The Modern Library's #64 English-language novel of the Twentieth Century by J. D. Salinger, adapted by Generisis and as might be brought to you courtesy of the Colgate - Palmolive Corporation...
"The Cleanser in the Rye"
I'm going to start with how I got kicked out of Pencey Prep - I was flunking four subjects, that's how. Old Spencer the history teacher, wrapped up in his crumby old blanket with smelly medicines and ointments from that company run by devil worshipers, you know, he asked how I felt about flunking out and all I could think about was the ducks in Central Park, where they went when the lagoon froze over. He could've used a bar of Irish Spring to wash away some of that old man smell, phony old fart.
I'm a madman about cleanliness, and there wasn't much of that at Pencey. Take this guy Ackley, always barged in. A real loser with pimples all over and rotten teeth that could've used a dose of Colgate One Hundred or Ultra Brite. Ackley sticks to you like white stuff from cheap underarm deodorants, then old Stradlater busted in. He's a slob, too, a secret slob who uses all the wrong brands like Vitalis, not quality tested products from Colgate-Palmolive.
Except when he mooches them off me. "Lend me your Rapid Shave - I've got this girl waitin' downstairs. Says she knows you - Jean Miner."
"Jan Miner." A funny old girl with a heart of soap and this sick old dog they fed with Science Diet kibble to keep his old breath tolerable. I'd told her about my little brother, Allie, who died from leukemia and wrote poems on the fingers of his baseball mitt
"Jean, Jan, what's the difference." Stradlater was massaging Lustre Cream into his hair, my Lustre Cream. "Oh, I need a favor, write me an English composition, something about a room? You're not going anywhere..." He came back, late, from making out with Jan in Coach Ed Bankey's lousy car - athletic bastards stick together! - mad that I wrote his composition about Allie, instead of some crumby room that could've used some Ajax, with more ammonia than the green stuff, and a coat of Murphy's oil soap, too, helping you care for wood.. I said he was a moron and he let me have one.

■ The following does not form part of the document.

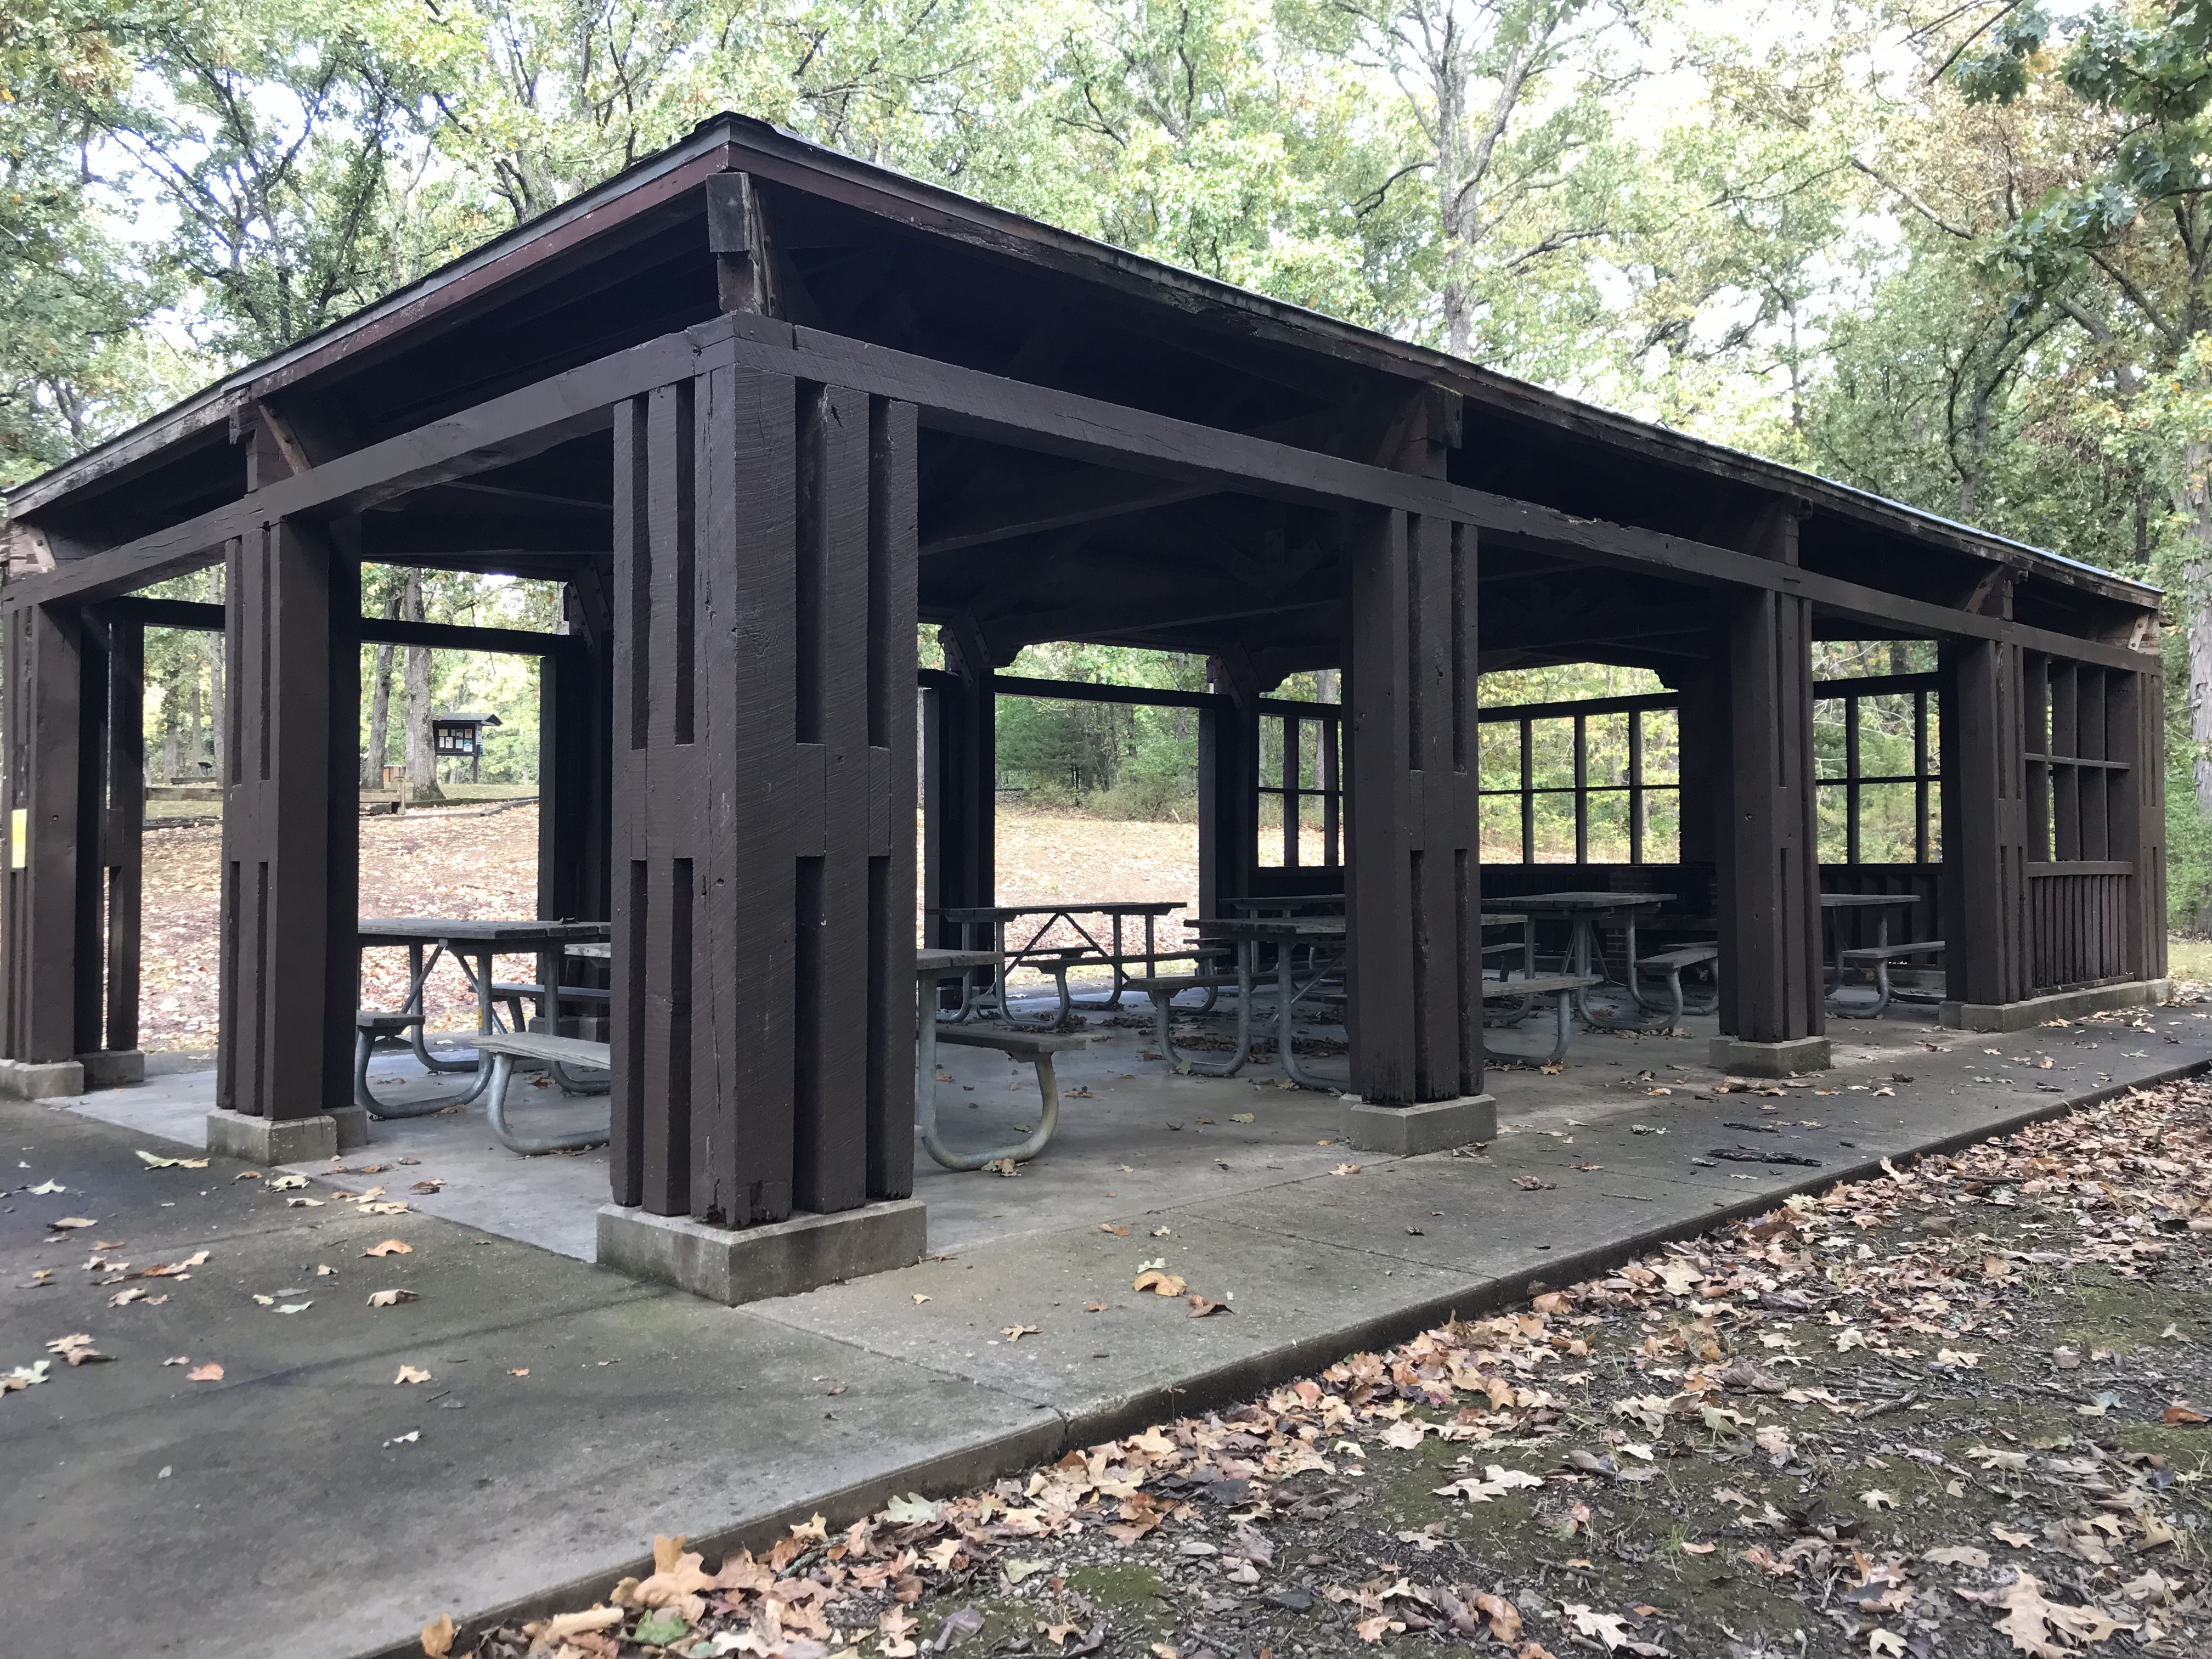 A closeup view of the shelter's wooden pillars and the picnic tables under the roof

So I took a train into New York, and told the moron cab driver to take me to the Edmont, this crumby hotel where the perverts across the airshaft don't even draw the blinds. Dirt, I'll tell you - goddam city lives in it! I went downstairs to the Lavender Room and asked for a scotch and soda, but the waiter wanted to see my driver's license, so I took a cab to Ernie's, down in Greenwich Village. The driver was another moron - when I asked where the ducks in the Central Park Lagoon went over the winter, he started talking about goddam fish. Sorehead! Ernie's a phony and his joint was packed with dopes, but I got my scotch and soda - nobody cared how old you were. The place was so dark, and there were so many jerks.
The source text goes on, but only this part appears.